Winner of the highest slopes in Austria (3,082m), Obergurgl’s pretty village, broad slopes and guarantee of snow, makes it the perfect late season destination. (Plus, the neighbouring Hochgurgl village is higher still.)

Sölden, Austria

With some of the highest slopes in Austria (most above 2,000m,) and vast snowmaking (covering two thirds of their pistes), you’re pretty much guaranteed snow until May in Sölden. If you’re not yet a seasoned pro then head to the glaciers for blue slopes, more adventurous intermediaries can head to the main red slopes.

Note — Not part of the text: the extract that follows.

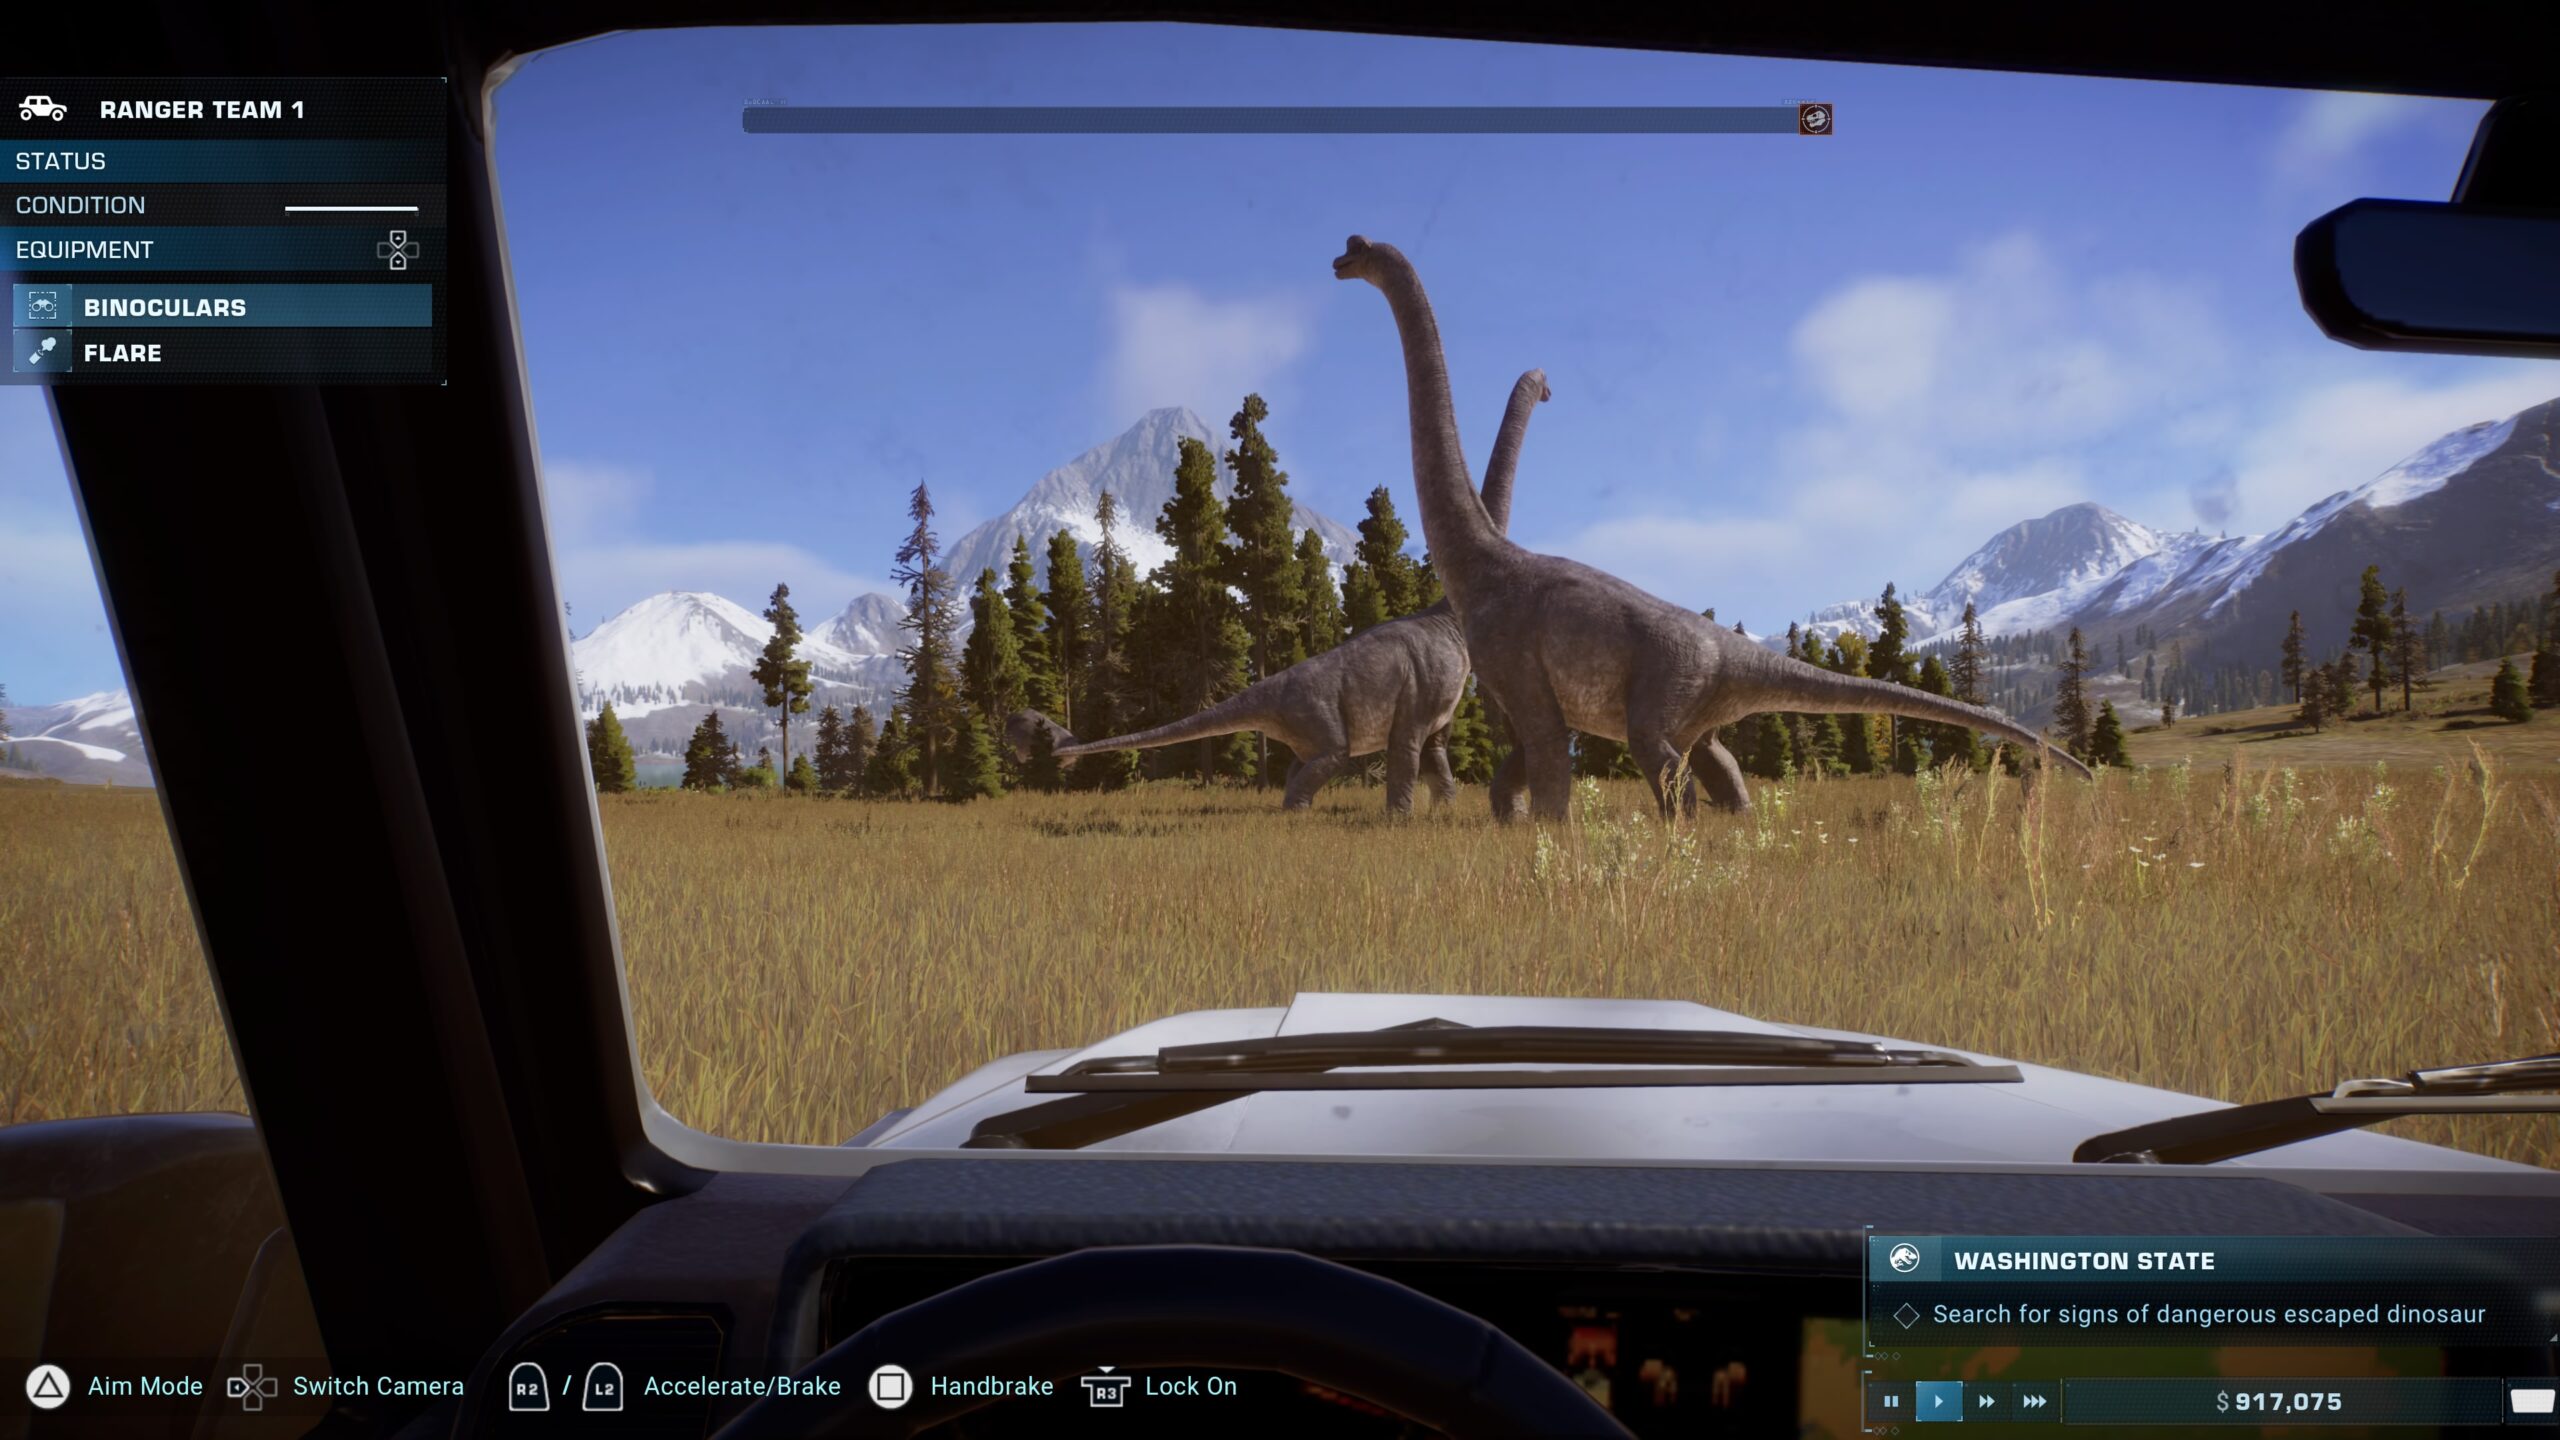 Jurassic World Evolution 2: TODOS los dinosaurios y cómo desbloquearlos
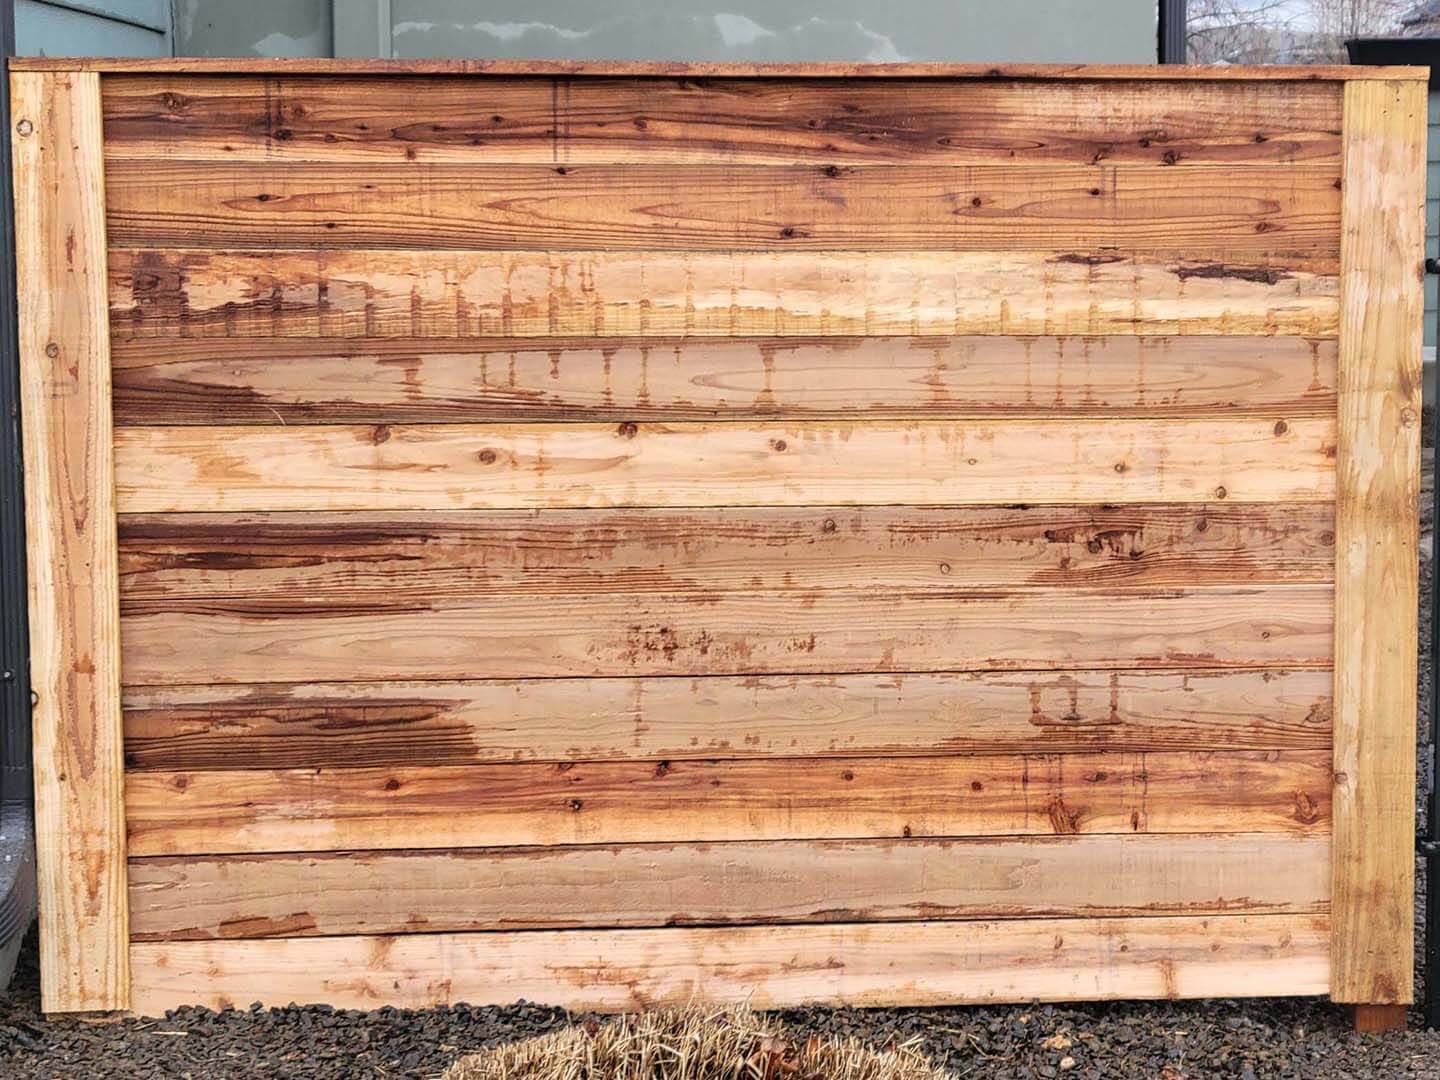 Commercial Wood Fence - Boise Idaho

Val d’Isère/Tignes, France

Val d’Isere offers north-facing slopes, and Tignes offers high altitude skiing (up to 3,400m), allowing them to remain open 9 months out of 12 each year – so you’re pretty much guaranteed snow. It’s no wonder that so many people (from families to freeriders) flock there every year.

Val Thorens, France

Europe’s highest resort, Val Thorens in France has slopes reaching 3,230m, so you’re guaranteed good snow coverage and a long season – up to early/mid-May. With a piste running through the resort, lots of events and ski in/ski out convenience, Val Thorens is a great option.

Verbier, Switzerland

Despite having south-facing slopes, Verbier uses extensive snowmaking installations to ensure the powder remains topped up on the lower slopes. If you prefer natural snow, you should still find good coverage on the upper slopes of the Mount Fort Glacier.

Zermatt, Switzerland

Zermatt is open 365 days a year, thanks to its northerly latitude and heavy investment in snowmaking facilities for the summer months. It also boasts Europe’s largest glacier ski area and the continent’s highest ski lifts.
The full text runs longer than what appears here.